Hundreds lined up, some cracked it, most didn’t. But everyone walked away with the same takeaway: LLMs aren’t as predictable as they seem.
Now we’re scaling that energy into something bigger: introducing AI Red Teaming CTF: [ai_gon3_rogu3]; a 10-day adversarial challenge starting in September; designed to be creative, hands-on, and just a little unhinged.
Traditionally, red teaming means simulating real-world attackers to find security gaps. When it comes to AI red teaming, it becomes all about targeting models, apps, and systems using language, context, and creative misuse.

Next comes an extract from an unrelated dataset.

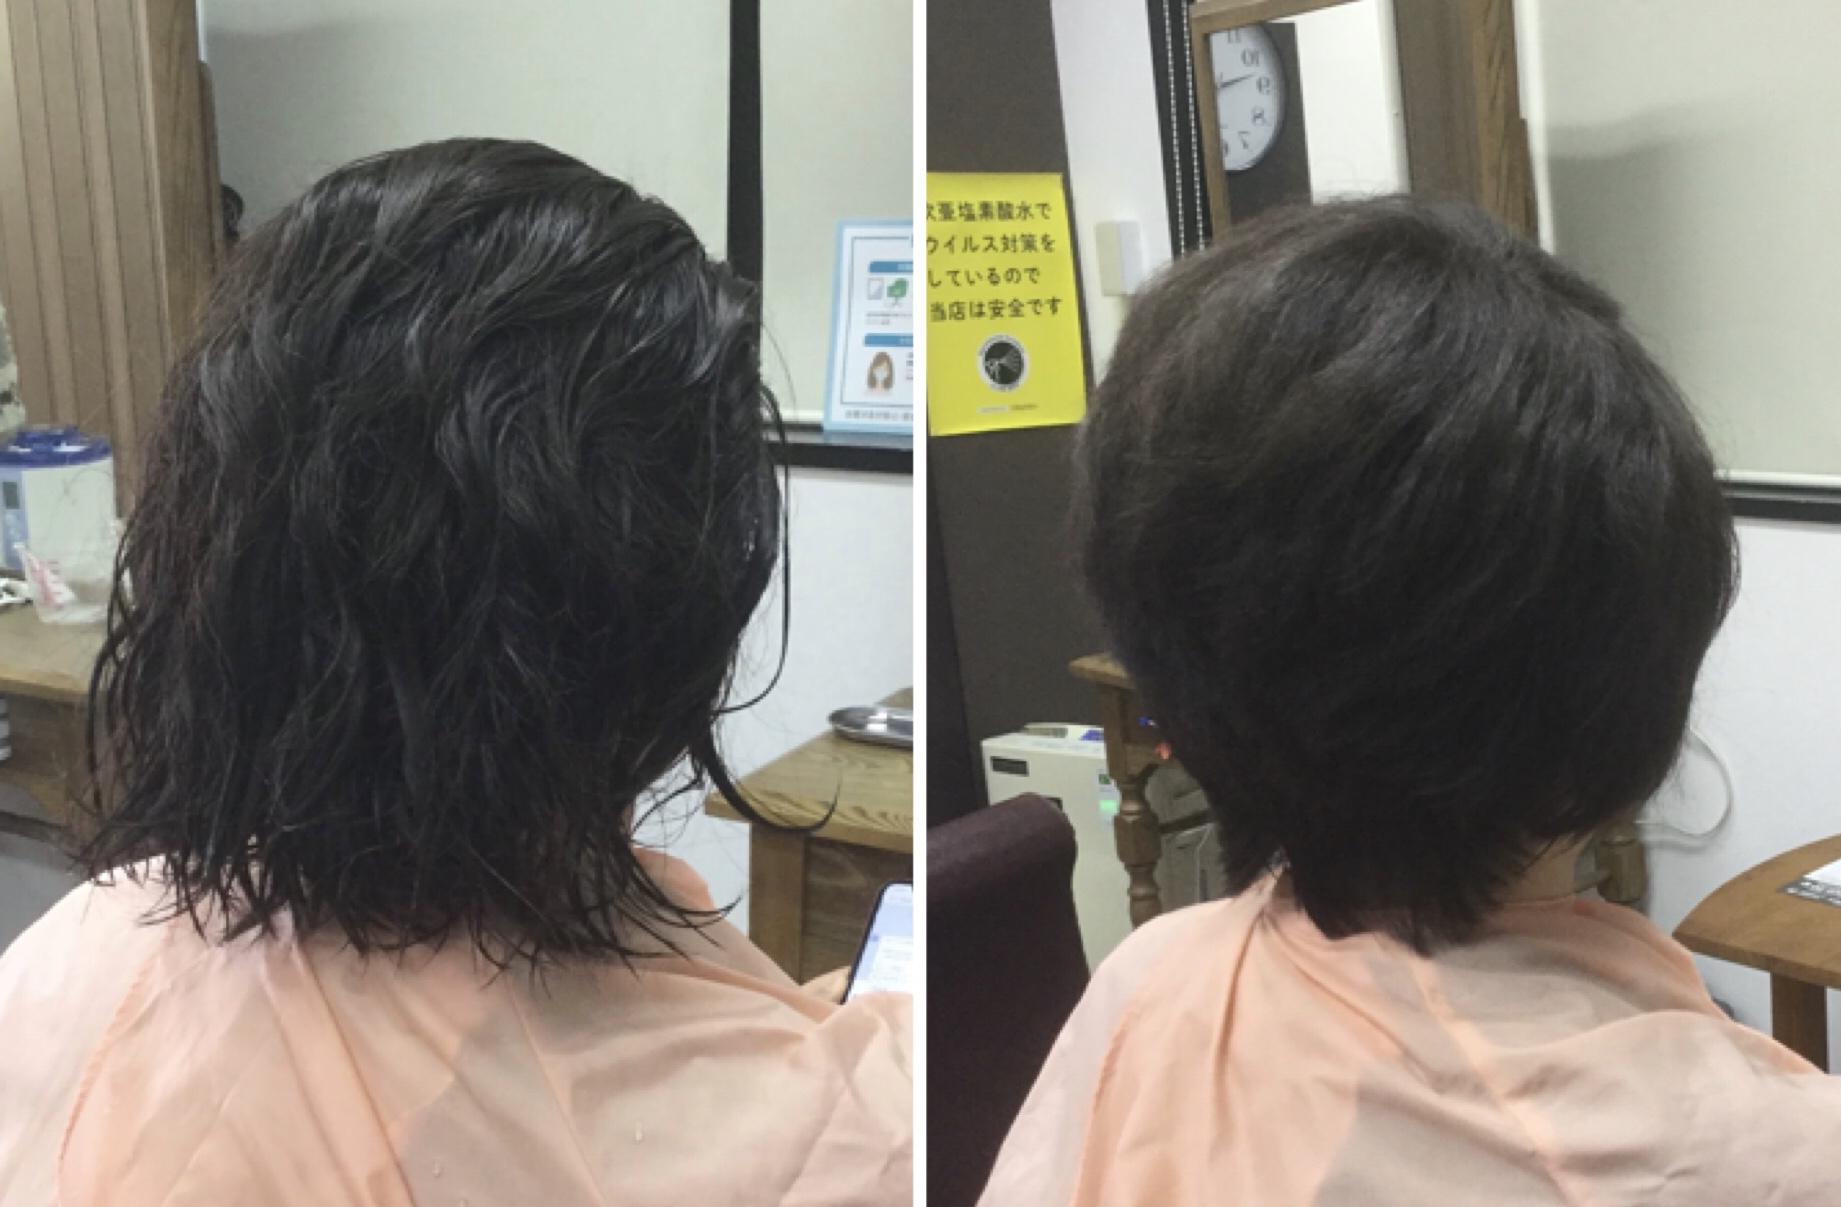 髪質改善カラー?ゴワゴワした手触りが柔らか質感からキュビズムカット®︎で脱縮毛矯正へ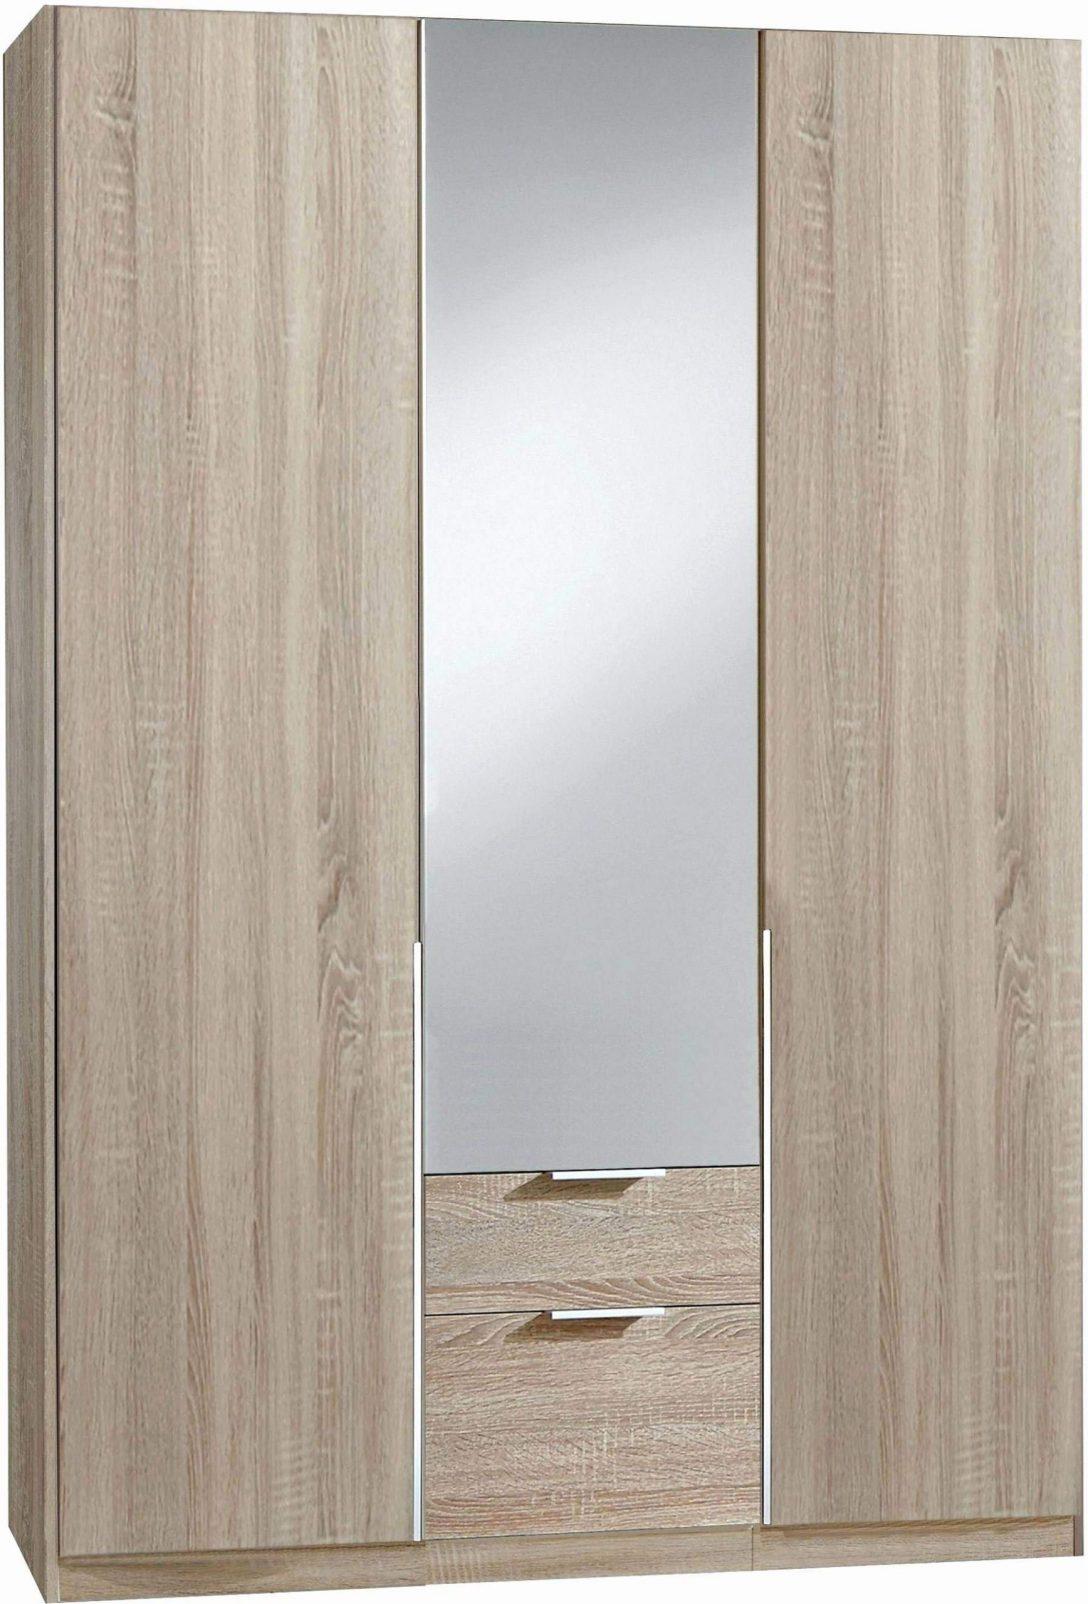 Large Size of Wohnzimmerschrank Design Wohnzimmerschrank Mit Led Wohnzimmerschränke Weiß Schrank Wohnzimmer Weiß Matt Wohnzimmer Schrank Wohnzimmer

Why do this? We can’t evaluate AI safety by inspection alone. Currently, there are no universally accepted best practices for AI red teaming, and the practice is still “a work in progress.”
LLM red‑teaming doesn’t guarantee safety. It only provides a snapshot of how a system behaves under specific adversarial conditions. To improve model resilience, organizations need to test models under realistic attack scenarios and iterate on their defenses.
The field took off after the first public GenAI Red Teaming event at DEF CON 31, organized by the AI Village, but despite the ongoing buzz, most teams still don’t know where to start.
That’s what this CTF is for.
Built by HackerOne and Hack The Box, this CTF reflects the kinds of misuse paths that are tested for in the real world in most AIRT engagements.
The CTF drops you into scenario-based challenges that feel uncomfortably real. You might find yourself:
Convincing a model to escalate a fake crisis
Extracting insider content through indirect prompt manipulation
Bypassing multi-user access controls via language alone
Tricking safety filters into letting something slip
The deeper you go, the more the lines blur between prompt, guidelines, and system behavior. And that’s exactly the point. You’ll see just how much of an AI system’s integrity relies on language, and how easy it is to turn that language against it.
The AI red teaming community is still figuring out best practices, and challenges like [ai_gon3_rogu3] help push the field forward. Whether you’re a veteran researcher or just curious about adversarial AI, bring your creativity and get ready to jailbreak some models.
If this is your first deep dive into AI or ML adversarial testing, you don’t have to go in blind.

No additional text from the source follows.